East Africa has become one of the world's hottest new oil and gas provinces after a string of finds, although moving towards production has been slow, as governments update laws and slowly build expertise in the new industry.

Before two recent Kenyan finds, Tullow said oil output from Uganda and Kenya combined could be 500,000 barrels per day (bpd). Tanzania and Mozambique are working on gas projects.

"The government has signed an MoU on the sustainable development of the discovered petroleum resources in the Albertine Graben (basin) with the licensed oil companies operating in the country," the Energy Ministry said.

It said in a statement that the deal was signed late on Wednesday with the Ugandan units of Tullow, Total and CNOOC, which have formed a joint venture to develop the fields. A formal ceremony to mark the signing was held on Thursday.

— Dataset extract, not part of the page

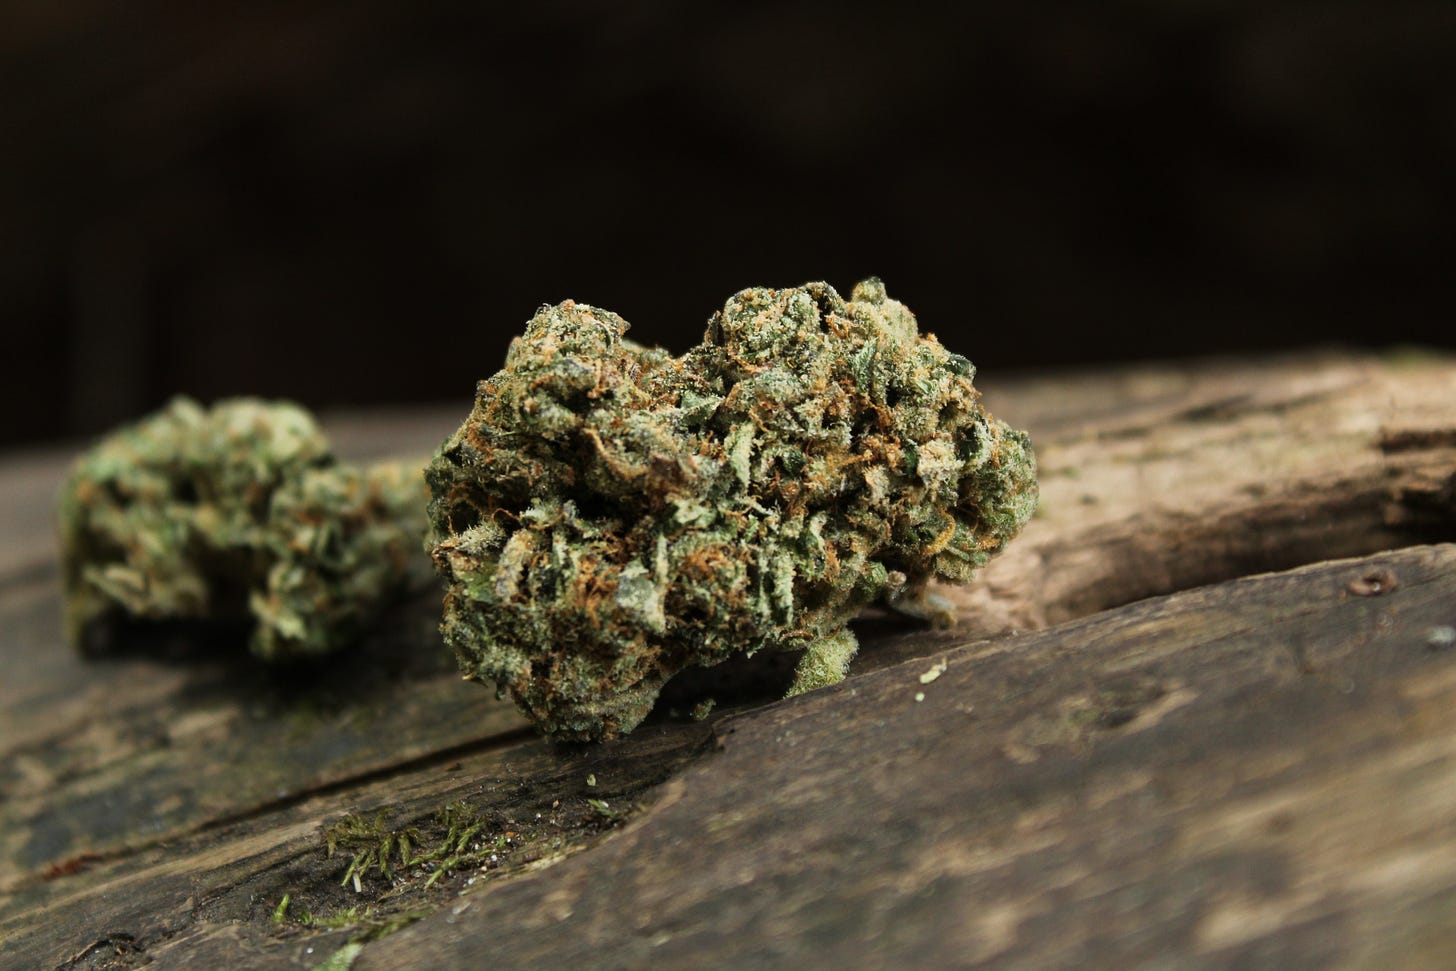 Top 5 Marijuana Strains That'll Make Your Day Brighter – HelloMD

The ministry said the MoU provided a framework for commercial production, including providing fuel for power generation, supplying crude oil to the planned refinery and exporting crude by pipeline.

Uganda has scaled back its refining ambitions. It now plans to start with a plant with capacity of 30,000 bpd, rising to 60,000 bpd. It had wanted one that could process 120,000 bpd, which oil firms argued would not be commercially viable.

Asked when a lead investor for the refinery would be picked, Energy Ministry Permanent Secretary Kabagambe Kaliisa said: "By mid this year we will have finished the selection process ... so the winner (of the tender) should be known by then."

Other east African nations, potential export markets for the refined products, have been offered stakes in the refinery.

Kaliisa said Rwanda had expressed an interest in participating, while Kenya and Tanzania wanted more details.

"However we'll not wait for them to decide, we will just go ahead with whoever is willing to participate and others can come onboard later," he said.

Uganda would use its own resources to finance its stake in the refinery that was expected to start up in 2018, he said.

Energy Minister Irene Muloni said last month that developing Uganda's oil fields and building infrastructure would cost between $15 billion and $22 billion, although there were plans to try to reduce that.

Uganda has agreed to join a pipeline project that will run to Kenya's planned new Indian Ocean port of Lamu, which is expected to become an export terminal for crude from Uganda, Kenya and other regional states.